● Entries supplied

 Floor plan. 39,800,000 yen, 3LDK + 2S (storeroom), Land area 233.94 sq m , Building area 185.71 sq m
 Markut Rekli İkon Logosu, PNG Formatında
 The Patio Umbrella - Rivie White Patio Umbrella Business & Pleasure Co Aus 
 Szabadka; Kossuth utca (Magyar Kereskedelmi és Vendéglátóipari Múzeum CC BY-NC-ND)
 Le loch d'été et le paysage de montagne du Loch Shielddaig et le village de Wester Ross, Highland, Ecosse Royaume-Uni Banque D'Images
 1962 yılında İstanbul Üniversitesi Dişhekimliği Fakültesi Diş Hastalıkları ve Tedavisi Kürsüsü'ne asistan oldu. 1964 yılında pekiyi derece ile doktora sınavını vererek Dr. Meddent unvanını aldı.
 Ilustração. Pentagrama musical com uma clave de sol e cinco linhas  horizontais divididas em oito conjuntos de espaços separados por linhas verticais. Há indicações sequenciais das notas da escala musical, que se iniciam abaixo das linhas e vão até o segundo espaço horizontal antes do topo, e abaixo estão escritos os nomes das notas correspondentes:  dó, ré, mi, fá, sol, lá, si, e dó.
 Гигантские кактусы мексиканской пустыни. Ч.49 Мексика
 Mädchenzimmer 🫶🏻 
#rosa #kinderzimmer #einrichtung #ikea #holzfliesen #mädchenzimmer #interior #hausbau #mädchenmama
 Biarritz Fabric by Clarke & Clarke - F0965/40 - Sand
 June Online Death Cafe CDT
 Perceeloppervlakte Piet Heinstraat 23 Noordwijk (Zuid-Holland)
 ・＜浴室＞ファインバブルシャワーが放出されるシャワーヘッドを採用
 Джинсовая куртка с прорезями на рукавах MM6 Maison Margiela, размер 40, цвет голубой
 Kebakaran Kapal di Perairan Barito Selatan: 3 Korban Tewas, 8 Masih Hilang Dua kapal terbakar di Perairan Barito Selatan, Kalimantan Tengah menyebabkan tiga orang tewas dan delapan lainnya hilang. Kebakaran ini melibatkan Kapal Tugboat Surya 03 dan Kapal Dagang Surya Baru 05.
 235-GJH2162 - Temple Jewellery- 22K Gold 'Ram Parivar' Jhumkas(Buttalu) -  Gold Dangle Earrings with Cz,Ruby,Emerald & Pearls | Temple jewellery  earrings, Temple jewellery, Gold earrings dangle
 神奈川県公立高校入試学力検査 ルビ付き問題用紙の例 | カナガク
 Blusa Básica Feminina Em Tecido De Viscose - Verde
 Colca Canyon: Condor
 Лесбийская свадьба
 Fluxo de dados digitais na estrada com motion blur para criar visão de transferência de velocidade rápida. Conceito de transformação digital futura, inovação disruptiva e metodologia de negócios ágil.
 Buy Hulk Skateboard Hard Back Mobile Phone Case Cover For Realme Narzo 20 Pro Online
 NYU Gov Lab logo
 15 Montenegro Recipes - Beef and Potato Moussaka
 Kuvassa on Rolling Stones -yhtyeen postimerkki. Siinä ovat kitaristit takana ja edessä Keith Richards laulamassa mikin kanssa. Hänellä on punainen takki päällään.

● Problem description
In the listing above, start at the line with "Biarritz Fabric by", go on through the line with "Джинсовая куртка с", and copy each of those lines exactly; leave out all the rest.

● Solution
 Biarritz Fabric by Clarke & Clarke - F0965/40 - Sand
 June Online Death Cafe CDT
 Perceeloppervlakte Piet Heinstraat 23 Noordwijk (Zuid-Holland)
 ・＜浴室＞ファインバブルシャワーが放出されるシャワーヘッドを採用
 Джинсовая куртка с прорезями на рукавах MM6 Maison Margiela, размер 40, цвет голубой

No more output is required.